Follow additional podcasts in this series on: "Measuring Nutricosmetic Efficacy" (part II); "Nutricosmetic Successes and Stumbling Blocks" (part III); "Consumer/Client Interest in Nutricosmetics" (part IV); and "How Epigenetics and the Microbiome Factor In" (part V).

Cosmetics & Toiletries: Can nutrition affect beauty? If so, how?

Zoe Diana Draelos, M.D.

Draelos: Nutrition is a very important part of beauty. That old saying, “You are what you eat,” is actually really true because it relates to the skin, hair and nails, which are made of pure protein. There are many individuals who eat a vegan diet and if they choose not to eat meat, they need to eat protein because that is the structural backbone of skin, hair and nails.

If the body doesn’t have an adequate source of amino acids, it can’t make protein. Proteins are also the building blocks for the brain, nerves, muscle, etc.; and of course, a healthy inside leads to a healthy outside.
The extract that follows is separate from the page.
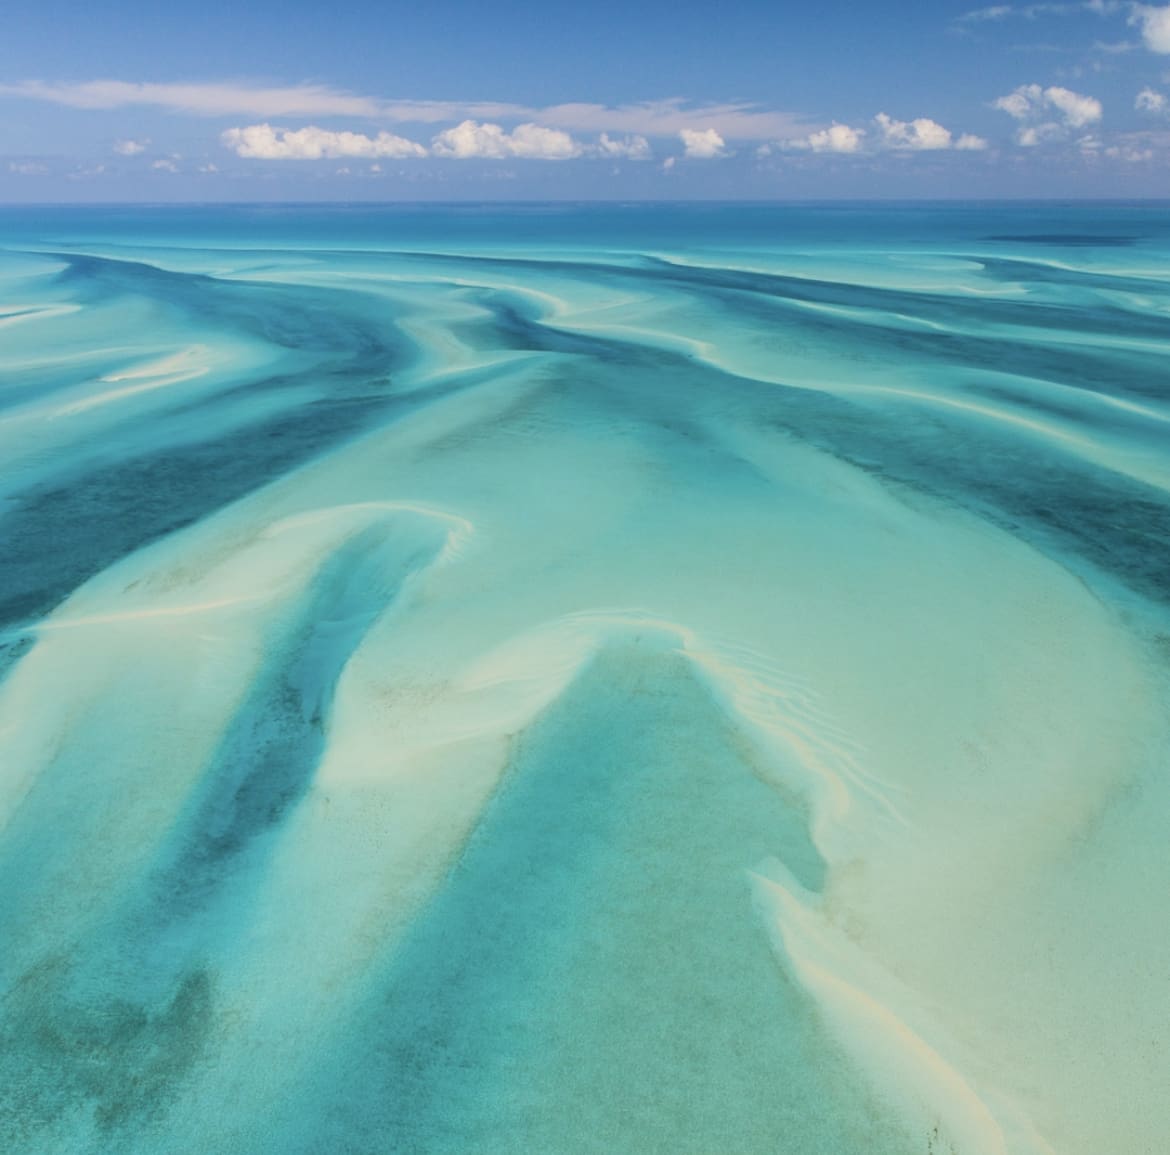 Views of the Schooner Cays and it's crystal blue waters from above

The most common problem I see in people with brittle nails or who are starting to lose hair is that they’ve decided to go on a strict vegan diet and don’t know enough to balance vegetable proteins so they get complete nutrition. It’s important to ensure you eat everything you need for your body to be beautiful.

Alan Dattner, M.D.

Dattner: What makes beauty is, in part, the lack of extra lines and wrinkles on the skin. Exposure to the sun and other oxidative processes generates free radicals, and that causes damage to the elastic tissue matrix and collagen. When oxidative damage occurs, it induces enzymes called MMPs that break the collagen and elastin down. Good nutrition will supply a variety of different antioxidants that quench those free radicals and protect against damage.

Another issue with nutrition is if you eat a lot of foods that have what are called advanced glycation end products, or AGEs. When your body absorbs them, they can cause trouble. You get them from eating too much sugar because sugar glycates or alters the proteins in the body. You can also get them from high-temperature heated foods. So, it’s a balance of getting enough of the right foods and minimizing the wrong foods.